15日、木曜日の晩、LFFのオンラインで見ました。この日のこの上映がワールドプレミアだったそう。
監督で女優のCaroline Catzさんによる、英国の電子音響 〜 Electronic dance musicのパイオニアとされるDelia Derbyshire (1937–2001)の評伝ドキュメンタリー映画 - 一部実演パートあり(実演パートでは監督自身がDelia Derbyshireの役を演じている)。 監督は2018年に同タイトルの短編(13分)を発表していて、今回はそのフル・バージョンというか完成形というか。

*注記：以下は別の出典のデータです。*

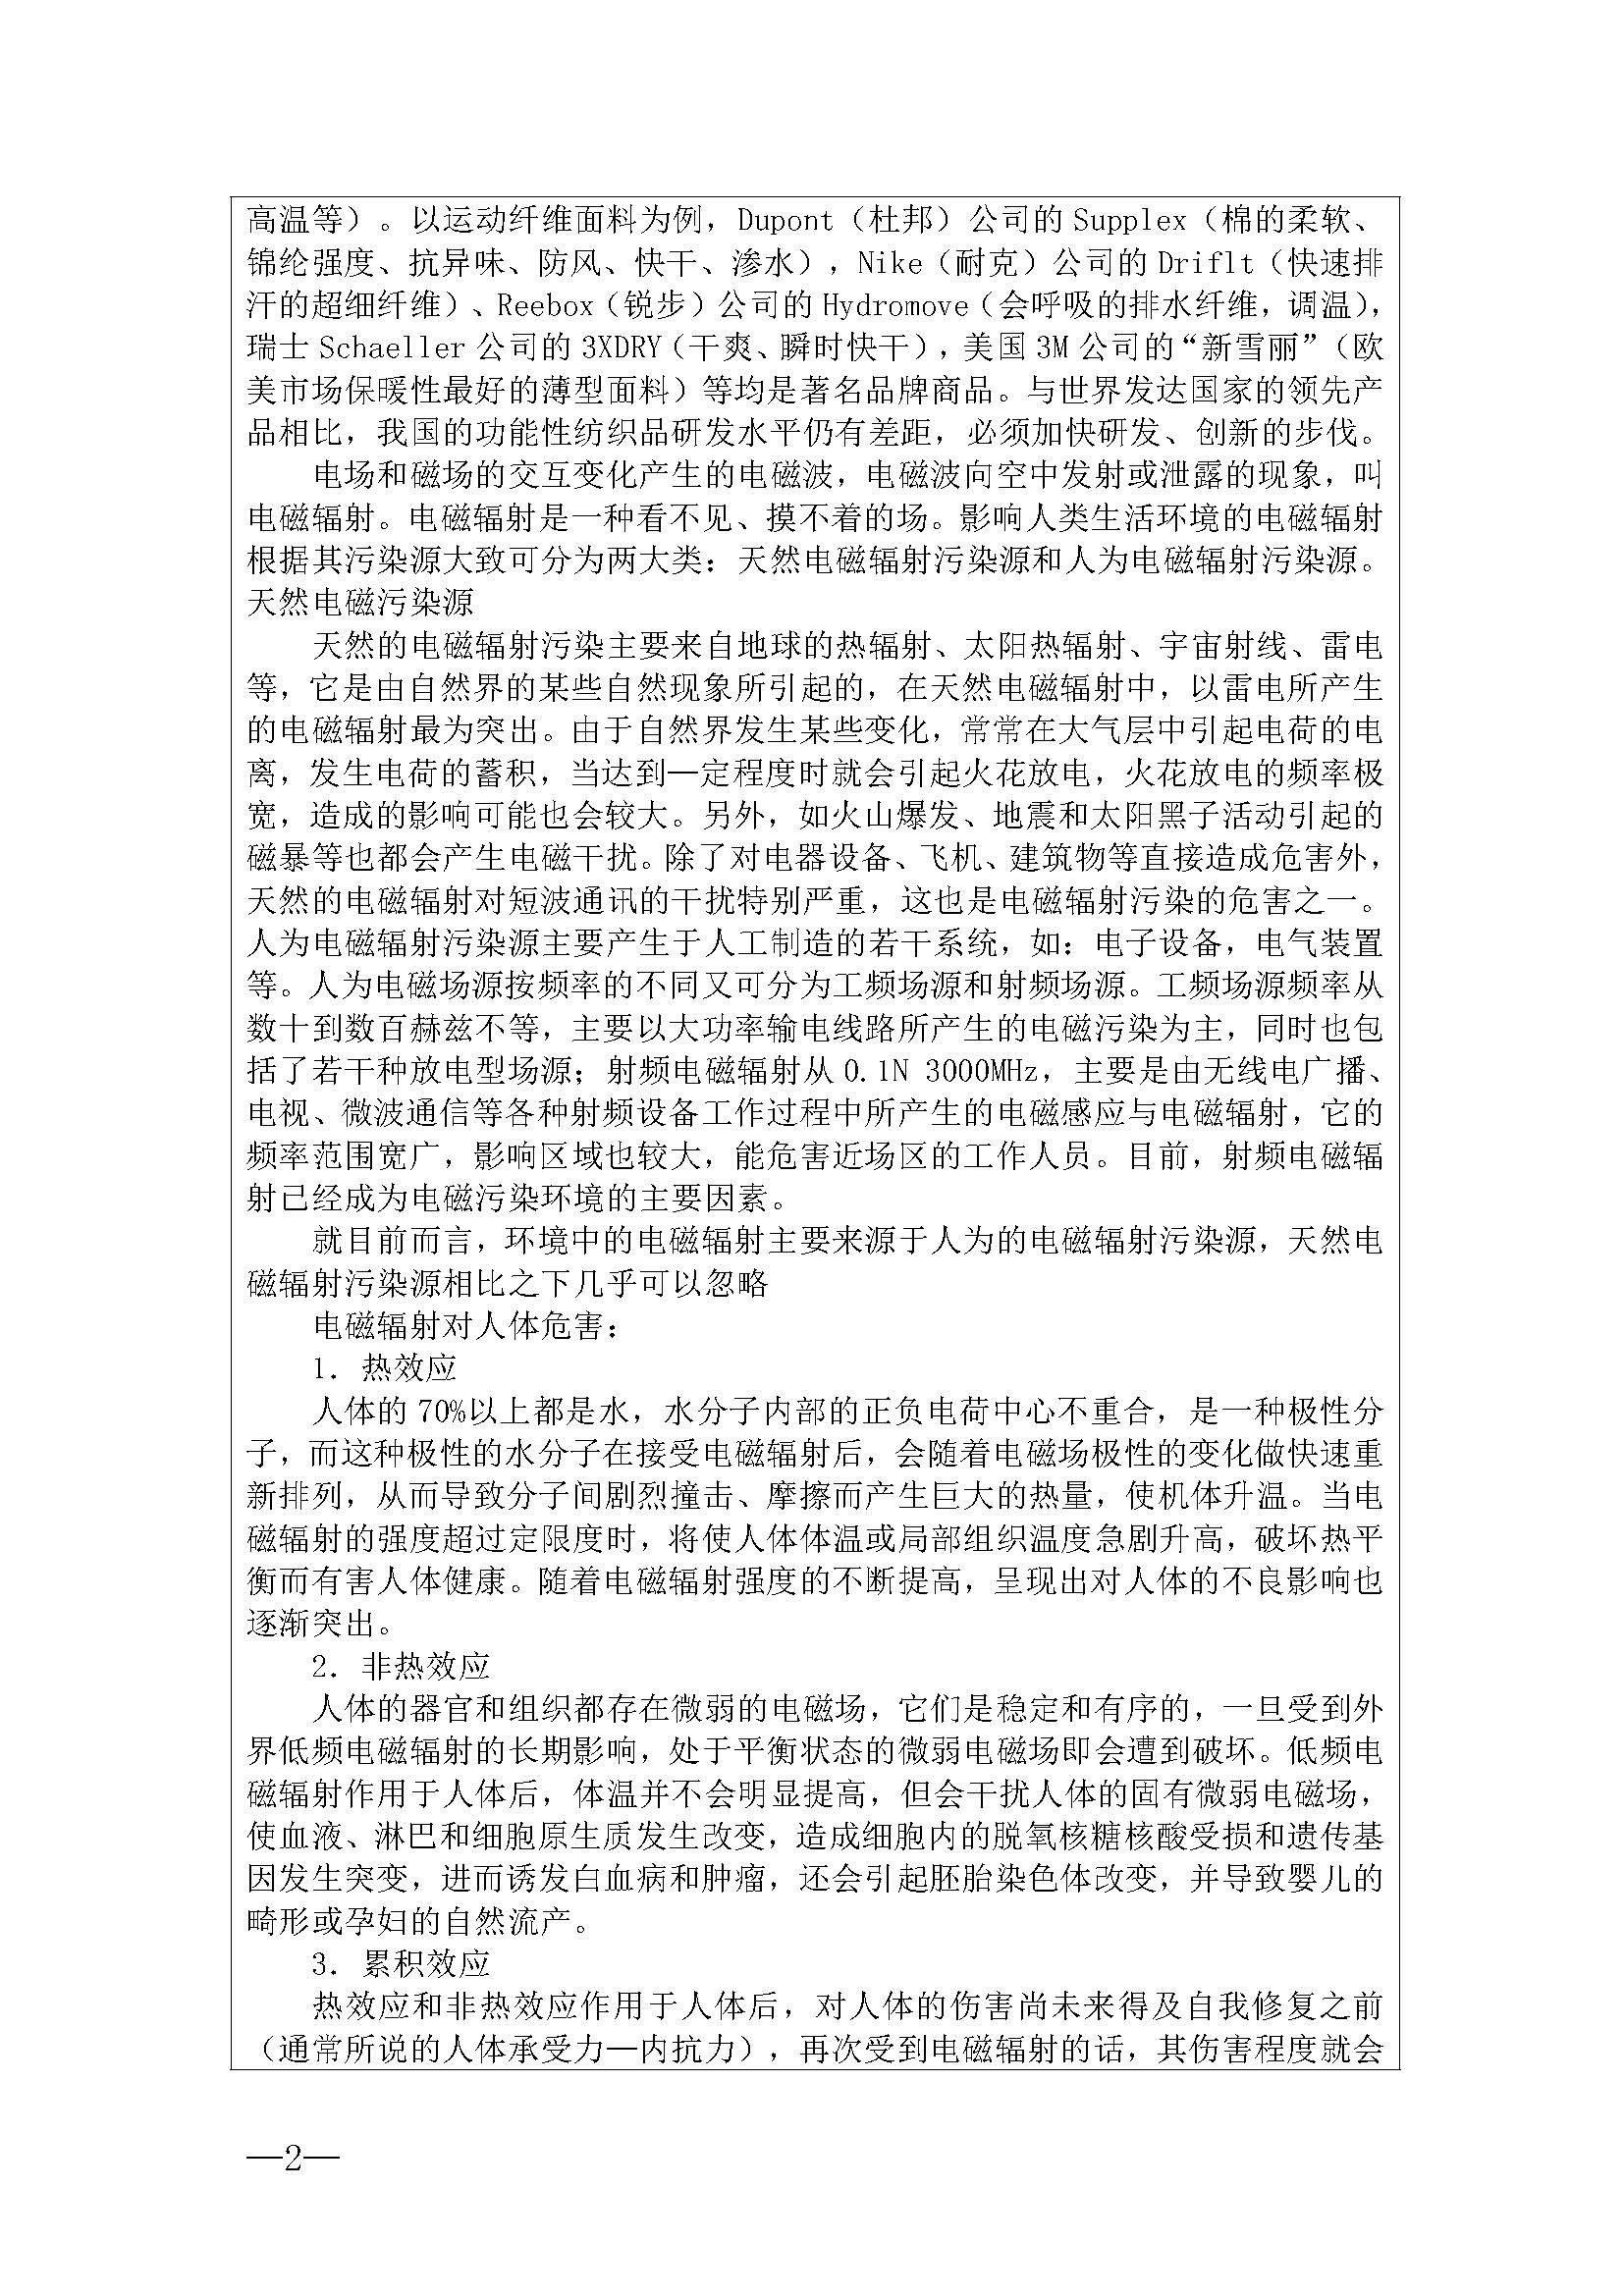 表2广东省纺织团体标准项目建议书-抗辐射内衣_页面_2.jpg

2001年7月3日 - Delia Derbyshireさんが亡くなった日 - Northamptonの家の屋根裏から267本のテープが見つかった ー という出だしに導かれて、彼女の生涯を追う旅が始まる。 Coventryに生まれ、幼い頃の空襲警報の音(とそれがクリアされた時の音)を音の原体験として聞いて育った彼女はケンブリッジで数学と音楽を学んで、どうしても音楽をやりたいとDeccaの門を叩くが、女子は秘書以外は採用していないと鼻であしらわれ、ようやくBBCに見習いのような形で職を得て、そこの音響効果部門として設立されたRadiophonic Workshopに入って、60年代からTVやラジオ番組の効果音響とかを手がけて、その代表が英国人なら誰でも知っている(みたい。よく流れるし)”Doctor Who” (1963-)のテーマ音楽(の音色)を作った人(として認知されたのはずっと後のことだが)として知られる。
誰も聞いたことがない、世界に存在したことがないような音/音色を作る、という使命に燃えつつも現実には仕事の締め切りや制約に追われて職場でぐったり、という日々の姿と、シンセサイザーの登場してきた時代に実験音楽も含めて仲間との間で共同制作や創作を続けつつも”Feminism登場前からのPost-Feminist”として奮闘する姿を、彼女の実際のインタビュー音声や関係者証言、実演ドラマを通して追っていく。 そしてこれらの背後で、彼女の音やテープに残された周波や波形を使って彼女とチャネリングしつつその像を呼びだしていくCosey Fanni Tuttiさん(かっこいい)がいる。
当時のロックのシーンとの関わりだとスタジオにBrian Jonesが来た、とかJimi Hendrixとのことが少し触れられているくらいで、どちらかというとEMS Synthiの登場とか新たな機器やテクノロジーの革新に触れて仲間たちとKaleidophon studioを立ち上げて舞台音楽などにもフィールドを広げていく辺りが音楽ドキュメンタリーとしてはおもしろくて、でもその裏側で彼女は疲弊して70年代の真ん中にぷつりと音楽を止めて田舎の方に引っこんでしまう..
彼女がやろうとしたことを電子音楽やノイズミュージックの歴史 - ここにBBCのような放送局やポピュラーミュージックがどんな役割を果たしたのかも含めて - にきちんと位置付けたり検証したりすることがメインで、他方でそれを正面からやろうとすると、彼女が女性であったが故にぶつかった壁や差別の構図が見えてきてしまう、という近年の歴史検証ドキュメンタリーには定型のあれになって、その辺で映画としてはやや散漫になってしまったかんじなのが残念かも。 実録パートよりも彼女の遺した音像いろいろについて、後世のミュージシャンたちの証言も含めてもっともっと聴きたかった。
それか、Cosey Fanni Tuttiさんにぜんぶ任せて音だけを延々流してもらうだけ、とか。
関係ないけど、わたしがこういう系の音に触れたのはThrobbing Gristleの”Heathen Earth” (1980)あたりが最初だったと思うのだが、これの最初のトラックのぼわーん、ていうのにそっくりな音がこの映画で聞こえてくる。
それにしても最後の方で流れる彼女が60年代に作ったというEDMのプロトみたいなのを聴くとびっくりするよ(もう有名なことだったのかも知れないけど)。そのままクラブでがんがん流してもへっちゃらな強さと洗練があるの。
昭和のにっぽんに生まれた我々の”Doctor Who”的な音ってなんだろうか? やっぱり「ウルトラQ」になるの?